The small convoy took a roundabout route, taking twenty minutes to reach the old WW11 airstrip at Caversham. Once known as Middle Swan, the airstrip is still signposted as RAAF property. RAAF Caversham has a triangle of three landing strips that are no longer operational, but the base still serves as a radio communications station, linked to RAAF Base Pearce, further to the north at Bullsbrook. The towering mobile crane was already set up waiting, and at $150 per hour, crane time is not wasted.
Charlie Walker, the airstrip's caretaker, had determined that the old Dak' should be positioned opposite his residence, so that he and his security dog could watch over her. The big Dog was voicing concern at all the activity, but, thankfully, Charlie had her secured well enough away. As the clipped aircraft was lowered to the red gravel runway, cameras clicked and comment was made that it must be decades since any aircraft had touched down at Caversham. The Douglas must have felt more at home here , than at its previous nesting place, perched up on pylons alongside a McDonalds restaurant.

For years this DC3 had played a sort of "cubby house" role to thousands of kids doing the McDonalds party thing.

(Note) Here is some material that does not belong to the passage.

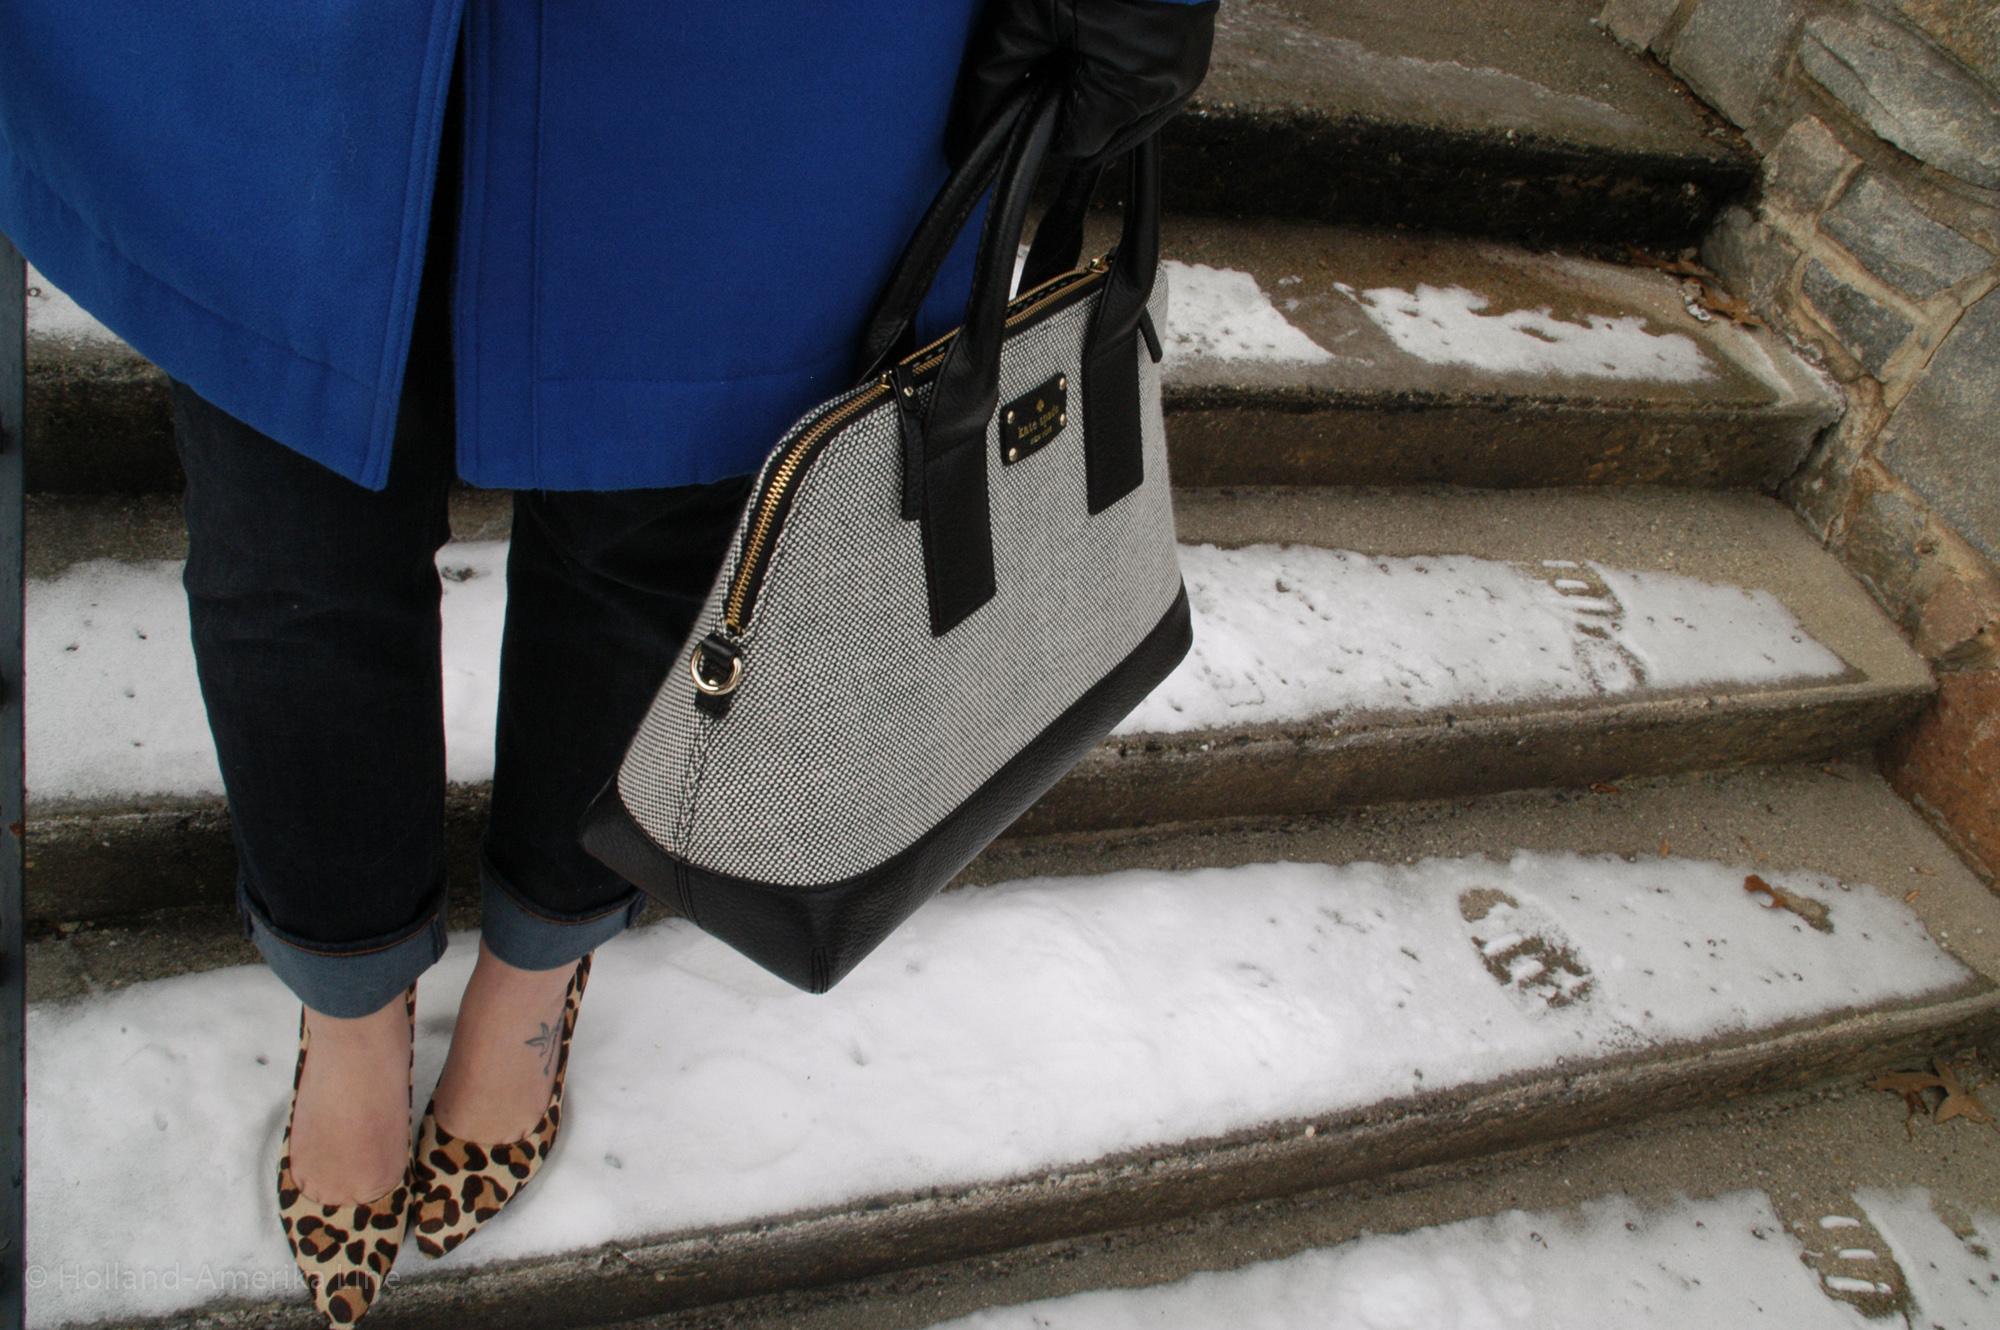 Coat: Worthington via JCPenney | Jeans:  J.Crew  | Shoes: Nicole | Bag: Kate Spade | Gloves: Target ( similar ) | Glasses:  Rayban  | Earrings: J.Crew ( similar )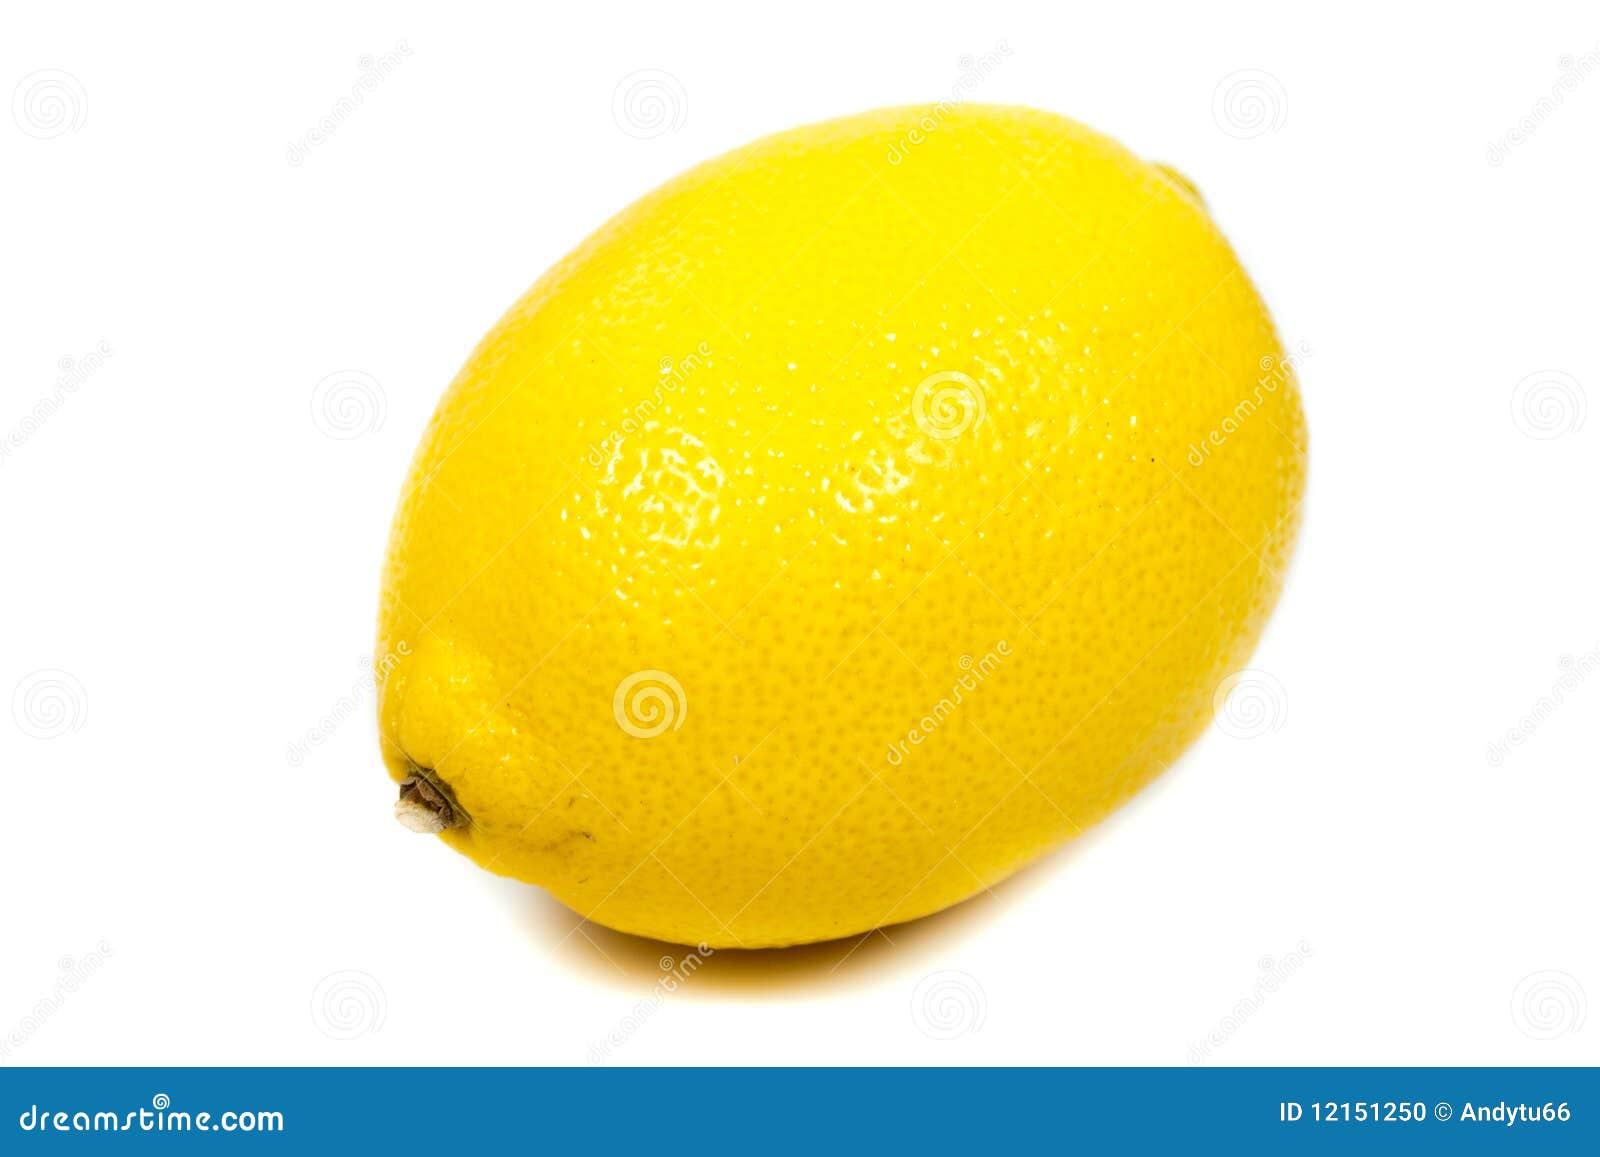 Close Up Bright Yellow Lemon Stock Photo Image 12151250

Apart from occasional use as a meeting room for various groups, the old Dak' also provided unique surroundings in which to enjoy a Big Mac. I'm certain that many diners were attracted to the Midlands restaurant purely for the opportunity to experience a DC3 up close, either for the first time, or to relive past experiences. Whilst preparing the DC3 for disassembly , I heard some interesting comments by patrons using the path under the belly of the aircraft, to get from the carpark to the restaurant. My favourite was: " Dad,…is this aeroplane real?" " Oh no….it's just a replica." I think the little boy's dad was not kidding…but then his dad looked to be about mid twenties, and probably of the generation that would assume that the genuine article would today only be found in a museum.
"Constructors Number" 13624 was wheeled off the Oklahoma City production line in mid 1944 as a "Skytrain" for the U.S. Army Air Force. After a short term in the Pacific, she and many others like her joined the stockpile of war surplus aircraft in Manila. This particular C-47A-25-DK was purchased by Australian National Airways, to become "Moongana" , registration VH-ANW, just before Christmas day 1945. About eight and a half years later, Moongana became "Bulolo", with South Australian based Guinea Airways (not to be confused with Guinea Air Transport, based in Lae, P.N.G.). Bulolo served with Guinea as VH-GAK for a few years, until Guinea Airways was taken under the wing of Ansett- ANA.
Reverting back to her previous rego VH-ANW, she flew with Ansett-ANA for one year , before commencing just over ten and a half years of service with Ansett's Airlines of South Australia, the new identity of Guinea Airways. Retired at age 27, with about 43,000 flying miles logged, ANW was donated to a youth camp near Adelaide. On 26th January, 1972, the DC3 was flown from Melbourne to Gawler by Captain Peter Gibbes, the same pilot who ferried it from Manila all those years ago. Captain Gibbes has the rare distinction of having flown all Douglas types DC-1 to DC-10 inclusive. A 40 year pilot, with over 20,000 hours logged, Captain Gibbes was also the youngest captain to command a Douglas airliner. At Gawler, ANW was dismantled, then trucked a final 26 miles to the youth camp. Reassembled on a hillside, ANW could now rest out the next 13 years in relative peace at Chain of Ponds.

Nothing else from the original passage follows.